Boeing has said it expects regulators will re-certificate the 737 Max, which has been grounded since March 2019, in time for deliveries to resume during the third quarter – a timeline analysts see as reasonable. Boeing also continues development and testing of three other Max models: the Max 7, high-capacity Max 8, and Max 10.
Financial services company Jefferies anticipates deliveries will start late in the third quarter. It predicts Boeing will deliver 155 Max before year end and 299 aircraft of all models in 2020, which would be down from 380 jets in 2019.
Boeing has noted that its few May deliveries – just four jets – reflect logistical challenges customers face due to travel and other restrictions amid the pandemic. And despite logging order cancellations in May, Boeing also took new orders for six 767 Freighters.
Merluzeau likewise expects Max deliveries will begin in the third, or possibly the fourth quarter.
AIRCRAFT OVERSUPPLY
But the analysts note that the Max’s certification will add further aircraft supply to a market already saturated with unneeded jets.
As the pandemic eroded air travel demand this year, airlines grounded thousands of passenger aircraft. Some 15,500 of those aircraft are now in storage – about half the global fleet, Cirium data shows.
Once regulators re-certificate the Max, Boeing will be free to begin delivering the roughly 450 jets that it produced, but did not deliver, after the grounding. Additionally, airlines will be free, if they wish, to return to service the roughly 370 Max already in their fleets, Arvai notes.
That means “820 aircraft will hit [a] market that doesn’t really have the demand right now… The timing of the Covid crisis couldn’t be worse for Boeing”, he says.
Additionally, in the last year, with its focus on returning the Max to service, Boeing first delayed and then shelved development of its New Mid-market Airplane (NMA), which was to replace 757s and 767s.
Boeing has “essentially ceded” that segment to Airbus, which stepped in by launching its incredibly popular A321LR and A321XLR, Arvai adds.
Those A321neo variants are the best-suited aircraft for mid-market flights, but Merluzeau thinks current market conditions create an opportunity for 737 Max 8s to compete in the mid-market segment.
Max 8s have 3,550nm (6,575km) range, according to Boeing, far less than the A321XLR’s promised 4,700nm range.
But, amid the pandemic, aircraft have been flying aircraft with light passenger loads, a trend likely to continue amid any recovery, Merluzeau says.
In such an environment, airlines might be able limit the capacity of their Max 8s without turning passengers away, and in doing so extend the aircraft’s range, Merluzeau says.
Boeing might also be able to equip Max 8s with additional fuel tanks like those found on 737-based Boeing Business Jets.
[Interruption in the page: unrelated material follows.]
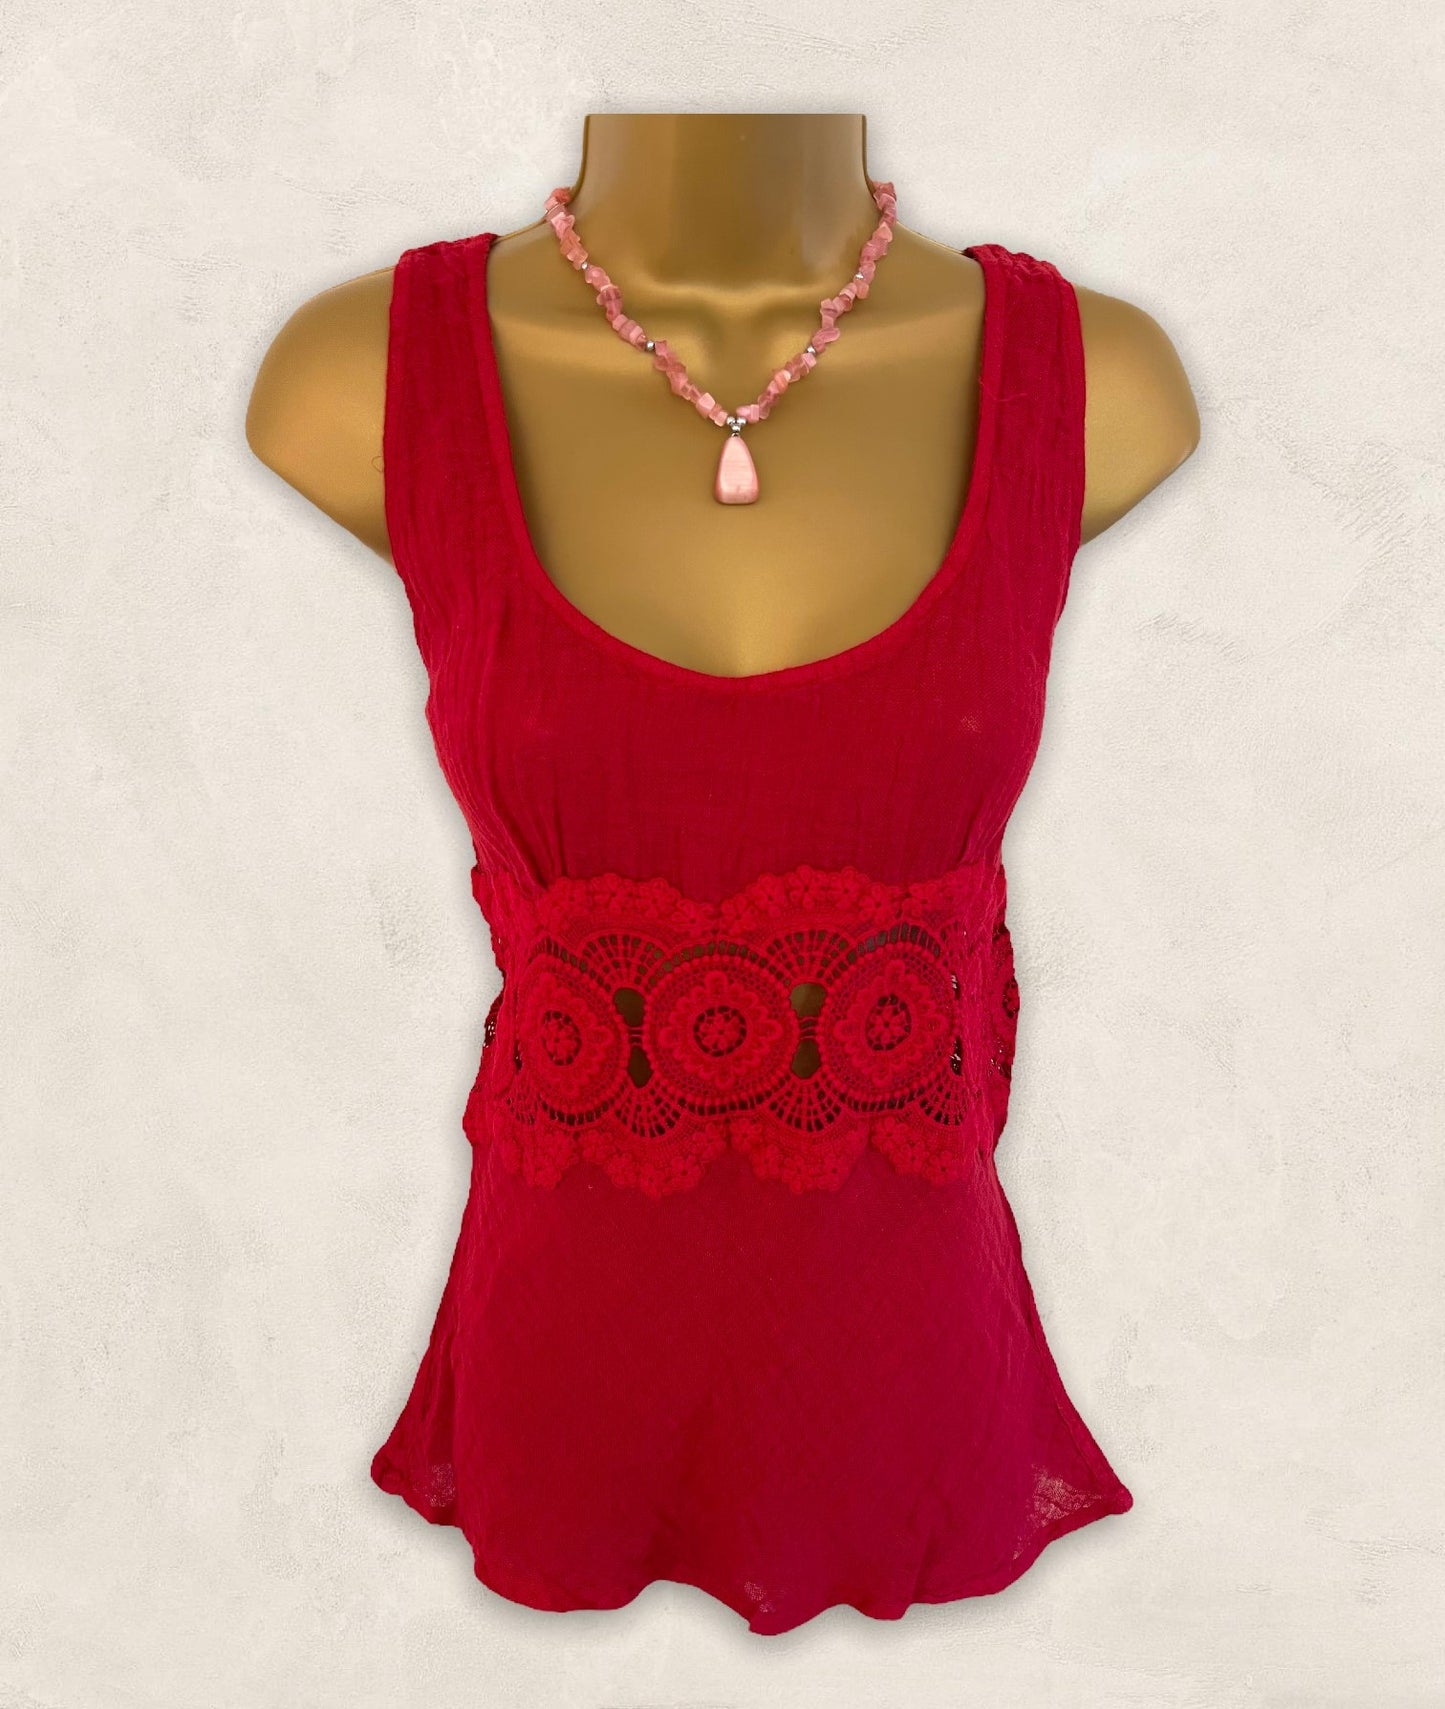 Baby Ceylon Womens Red Linen Cut Out Lace Sleeveless Top UK 12 US 8 EU 40 Timeless Fashions

Such changes might give Max 8s sufficient range to serve mid-market routes such as secondary transatlantic markets, Merluzeau says.
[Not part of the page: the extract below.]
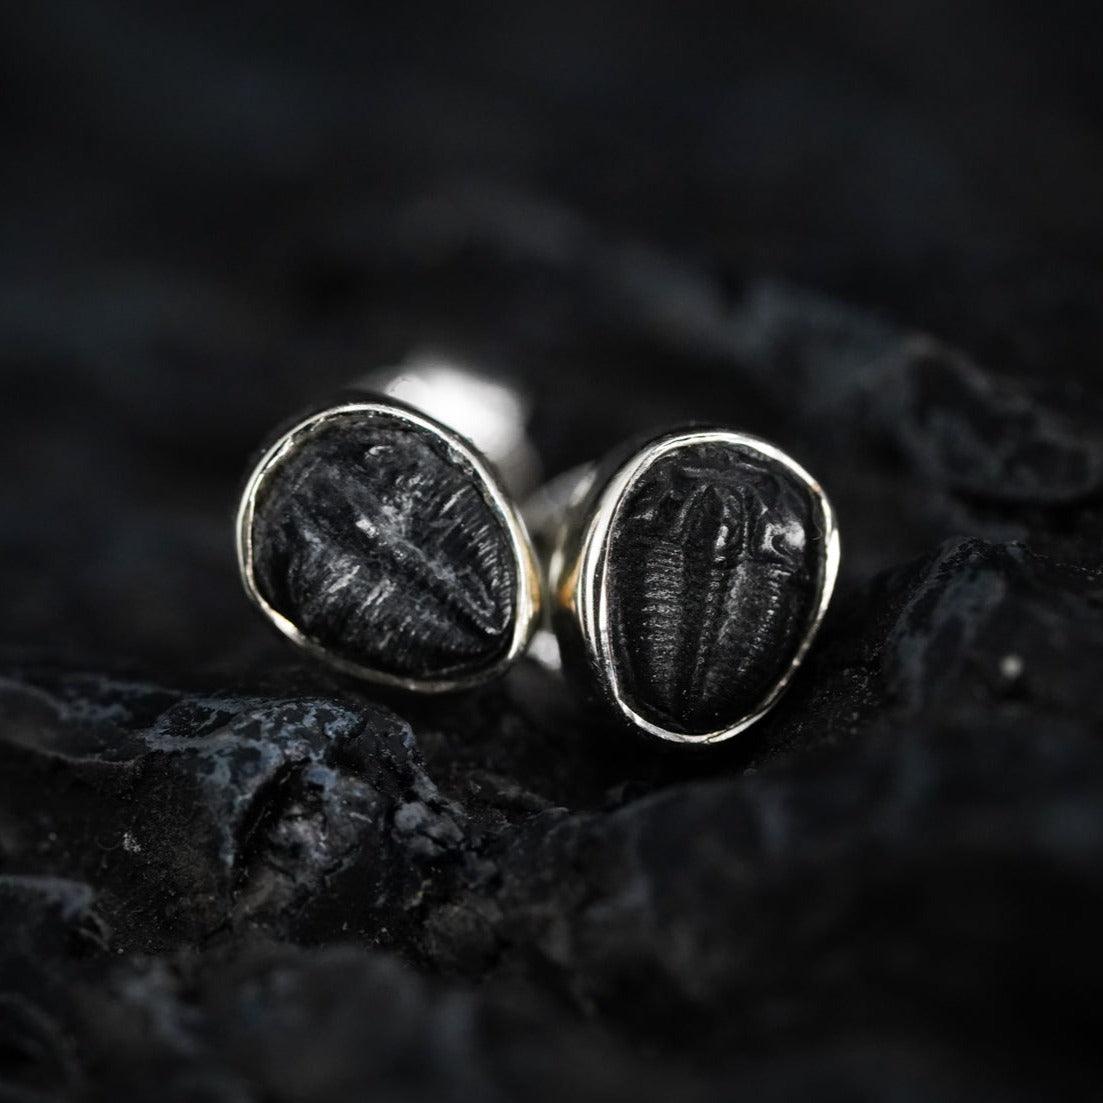 Small Trilobite stud earrings by Black Feather Design

“The Max 8 has potential to address some routes of the A321neo,” he says.
The analysts note that the pandemic downturn has also further deflated demand for large widebodies like Boeing’s in-flight-testing 777X.
That jet might have been in service before the pandemic struck, though issues, including problems with its GE Aviation GE9X powerplants, pushed first deliveries to 2021, Boeing says.
“If it had been on time in the market, sales might have been better,” says Arvai, adding that the 777-9 will hit a market “that no longer needs large aircraft for the near future”.
Boeing holds unfilled orders for 309 777X, according to its website, and has expressed confidence that sales will build later this decade as currently in-service models near retirement.
Merluzeau agrees, saying more airlines will likely place 777X orders as the 2020s progress. The 777X programme’s success, he adds, must be measured not in current orders but in the aircraft’s sales potential over 30, even 40 years.